This systematic review used life course models derived from chronic disease epidemiology to assess the relationship between life course socio-economic position and quality of life during adulthood. An overall relationship was suggested by the evidence, but results for each life course model were mixed. Supportive evidence was found for the latent model among women only, but results were contradictory. Some studies indicated that low childhood SEP was associated with poorer adult quality of life, but others found high childhood SEP to be linked with poorer outcomes. Social mobility models were generally not supported, but some studies investigating intra-generational mobility did identify an effect. There was a suggestion that upwardly mobile individuals experienced higher quality of life, compared to those who moved downward or remained in the same position. However, one higher quality study which modeled separate mobility effects found no effect of intra-generational mobility; mobile individuals were more likely to report quality of life levels closer to their current class, rather than their prior class. High quality studies addressing inter-generational mobility were lacking. Few studies addressed accumulation and pathway effects and heterogeneity of these studies resulted in limited synthesis.
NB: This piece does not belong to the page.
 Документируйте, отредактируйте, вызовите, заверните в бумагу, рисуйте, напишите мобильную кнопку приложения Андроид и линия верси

A similar systematic review focusing on cardiovascular outcomes found consistent support for an accumulation effect of socio-economic adversity on cardiovascular disease risk and moderate support for a latent effect of low childhood SEP on increased cardiovascular disease risk factors, morbidity and mortality [3
]. Little support was found for a unique influence of social mobility, although they did not distinguish between inter- and intra-generational effects. Our review particularly lacked studies investigating accumulation effects, thus additional research is required to fully assess this hypothesis for quality of life outcomes. Regarding social mobility effects, the study by Houle (2011) is consistent with the literature which demonstrates that mobile individuals tend to have health outcomes between their social class of origin and destination, so social mobility has a constraining effect on health inequalities [11
]. Further research would be useful to investigate whether this applies to other quality of life outcomes and in other countries with differing levels of social mobility.
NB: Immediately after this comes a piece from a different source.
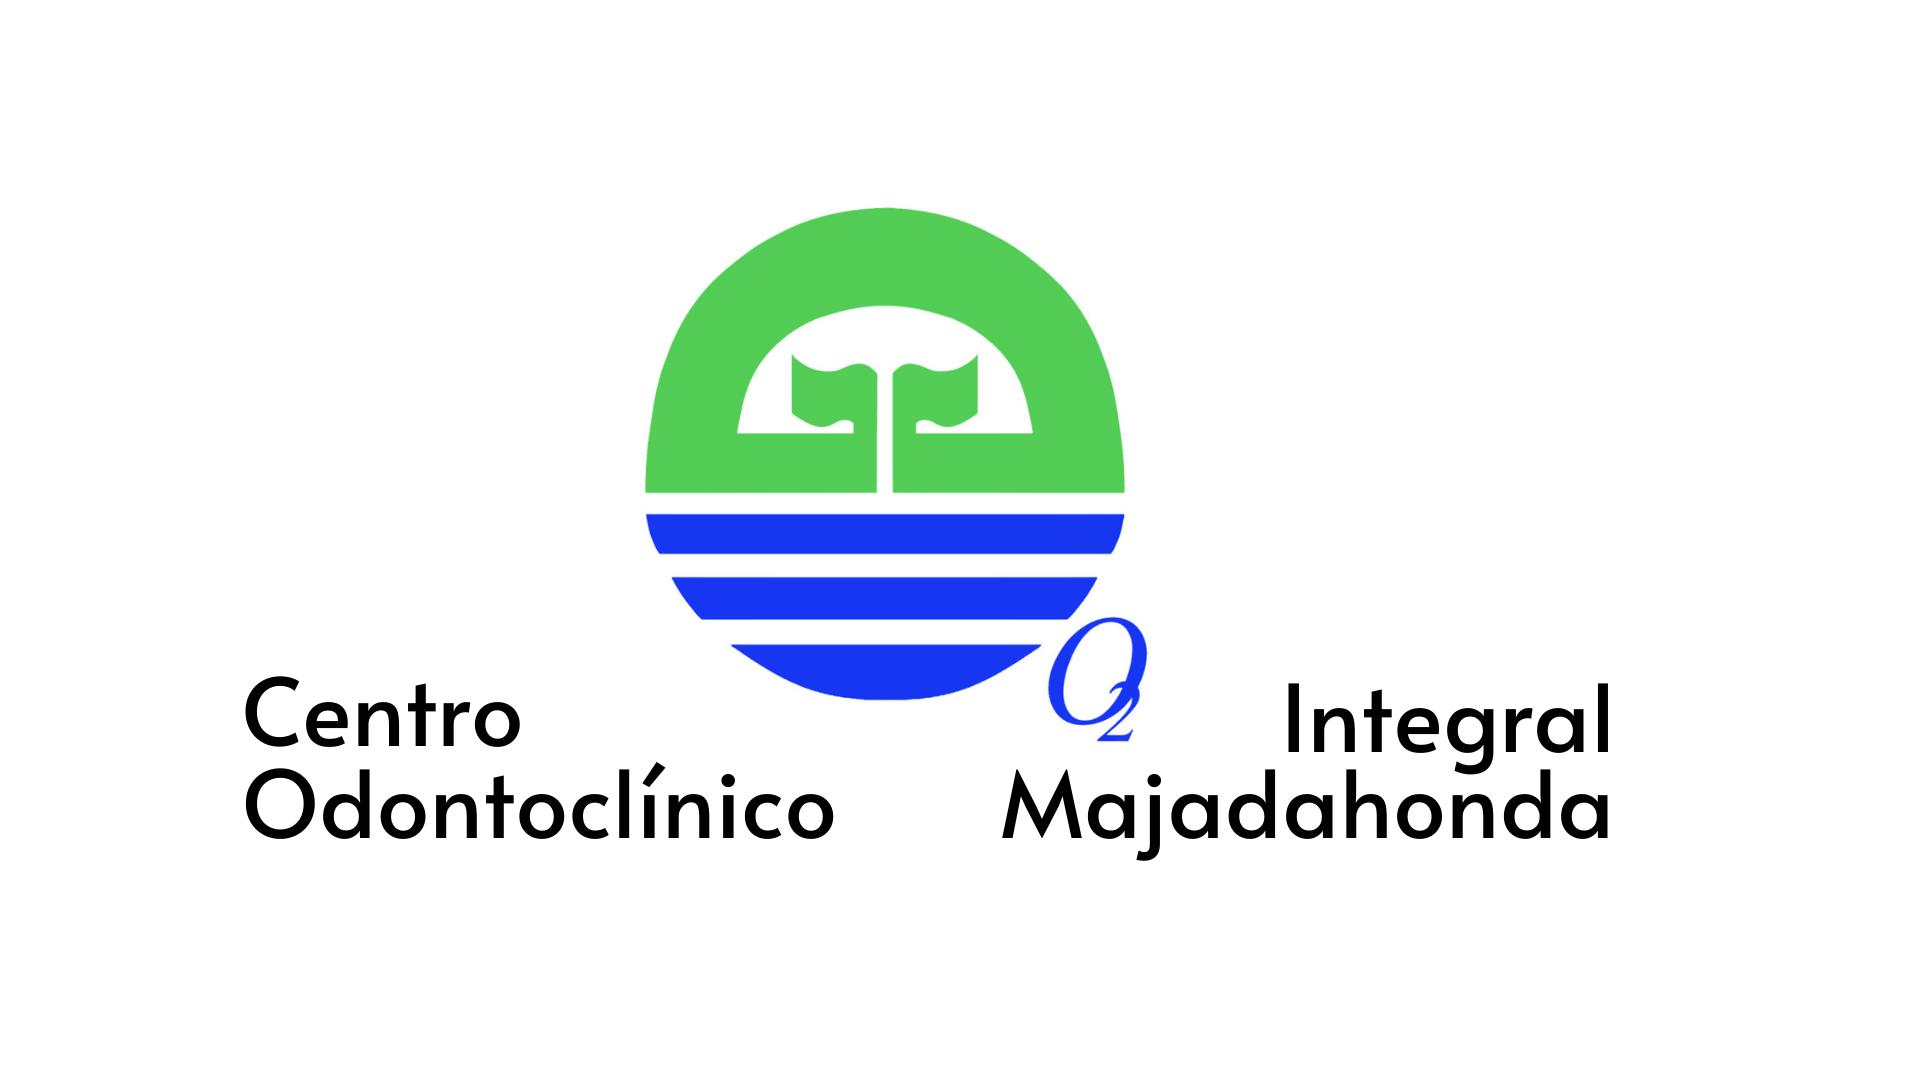 Centro Odontoclínico Integral Majadahonda

A particular strength of the systematic review was the number of databases searched. However, the grey literature was not explored and only quantitative English language articles were included. Important unpublished articles and foreign language studies may exist which were not considered. It is also possible that key insights into the individual experience of different life course socio-economic trajectories may be provided by qualitative studies. Quality assessment was performed by describing all quality items relevant to a study and by ranking studies based on key quality appraisal items. The latter system may be crude and opinions are likely to differ regarding the key criteria. However, compared to the pure description of studies, we feel the criteria enable the reader to better discern between higher and lower quality studies.
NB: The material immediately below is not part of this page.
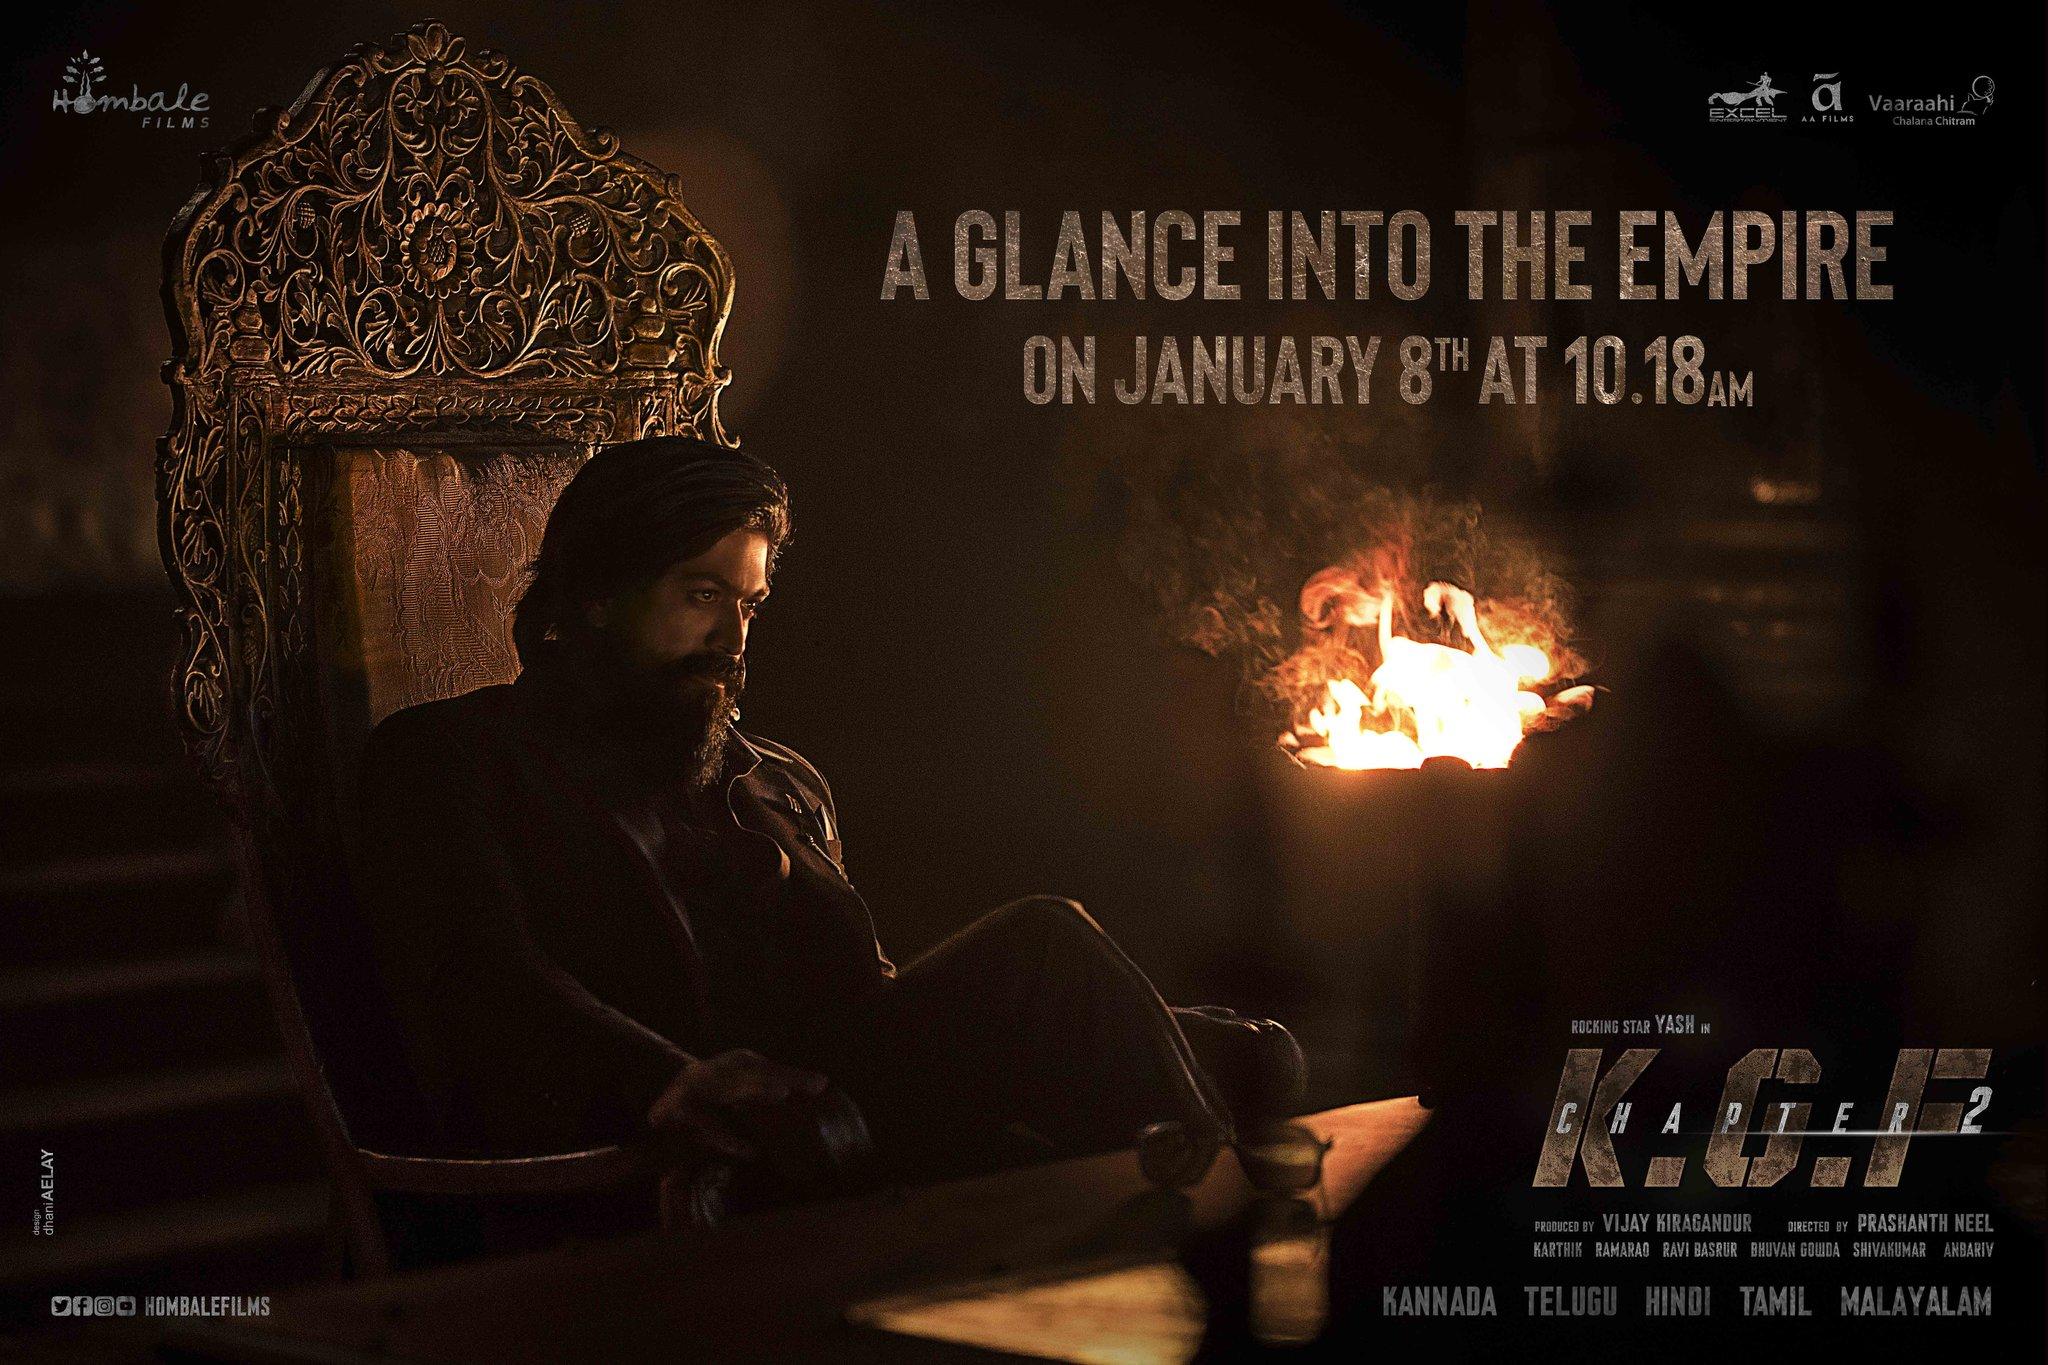 KGF Chapter 2 Teaser On Jan 8th

A number of limitations relating to quality of life research require highlighting. Due to the ambiguous nature of quality of life, it is possible that studies measuring outcomes such as life satisfaction and wellbeing are capturing different concepts, or various domains of the same concept [46
]. It is therefore suggested that researchers try to include a variety quality of life measures in their studies, to investigate whether associations differ between indicators. Cohort studies which record quality of life at several time points throughout adulthood would also be an improvement, especially when investigating intra-generational mobility effects.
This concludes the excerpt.